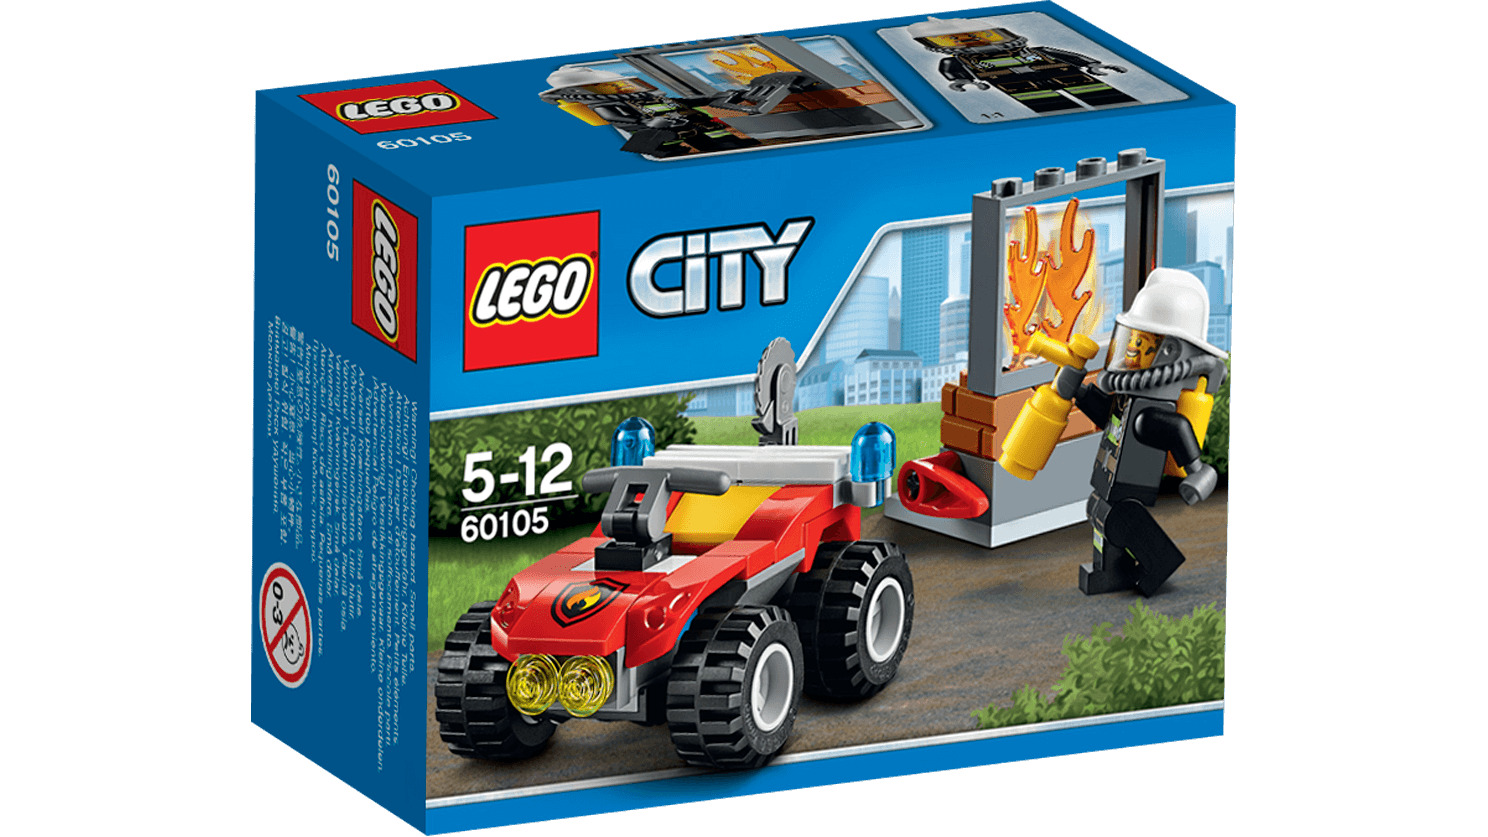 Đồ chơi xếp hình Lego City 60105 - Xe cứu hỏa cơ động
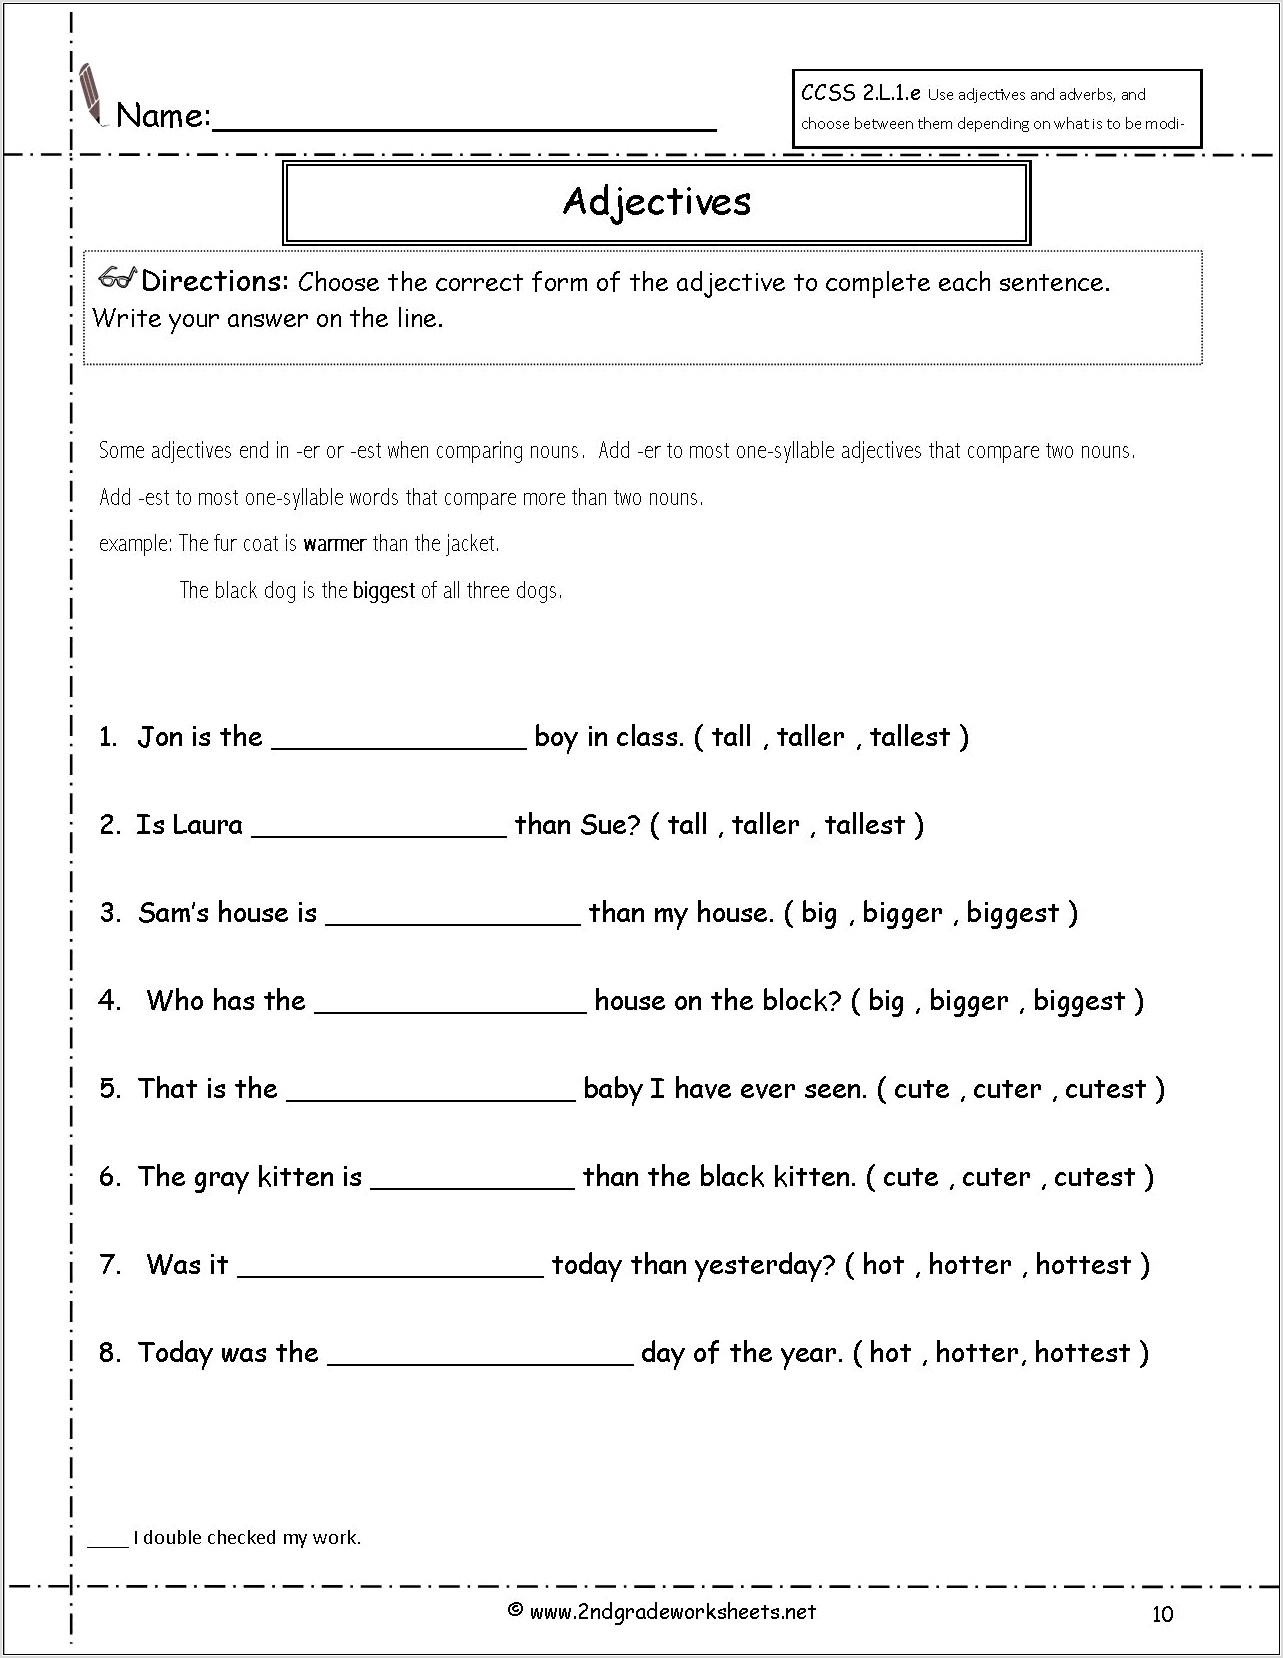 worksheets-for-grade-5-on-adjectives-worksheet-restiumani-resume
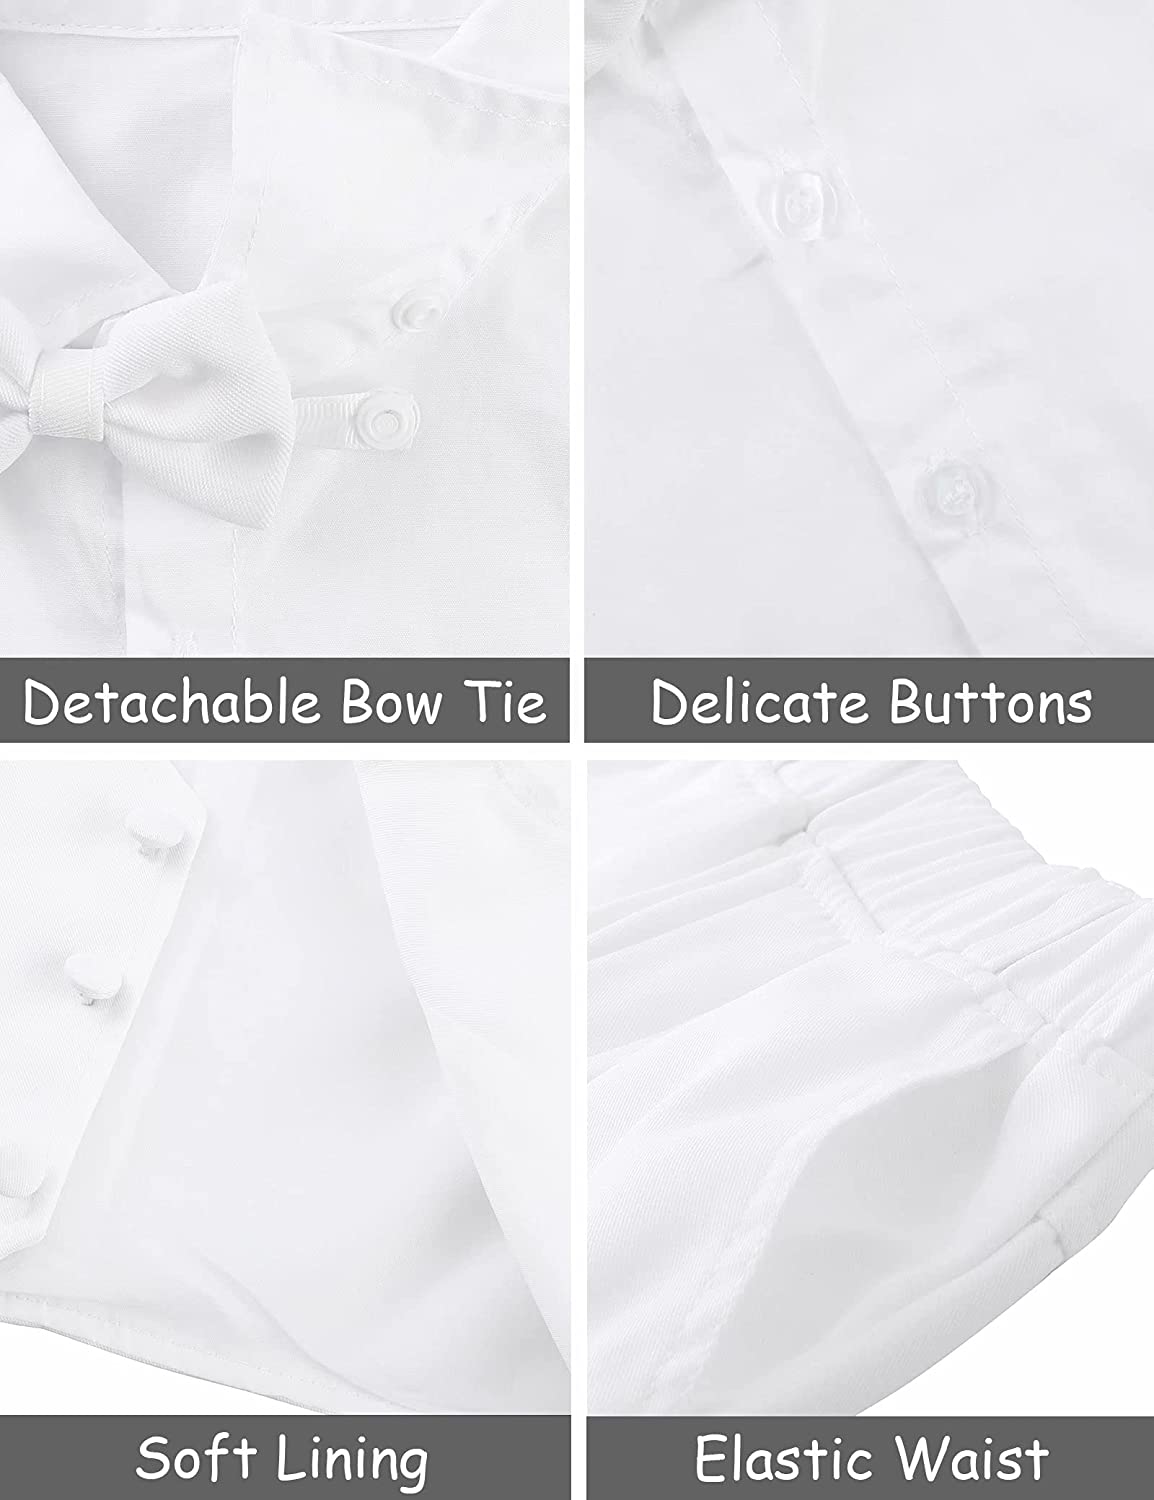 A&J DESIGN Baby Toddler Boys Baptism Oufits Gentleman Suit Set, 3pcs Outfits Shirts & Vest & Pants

Problem details = Only the text of the listing should be returned, exactly and in full; no image goes into the copy.

Exercise response =
 Đồ chơi xếp hình Lego City 60105 - Xe cứu hỏa cơ động
 worksheets-for-grade-5-on-adjectives-worksheet-restiumani-resume
 A&J DESIGN Baby Toddler Boys Baptism Oufits Gentleman Suit Set, 3pcs Outfits Shirts & Vest & Pants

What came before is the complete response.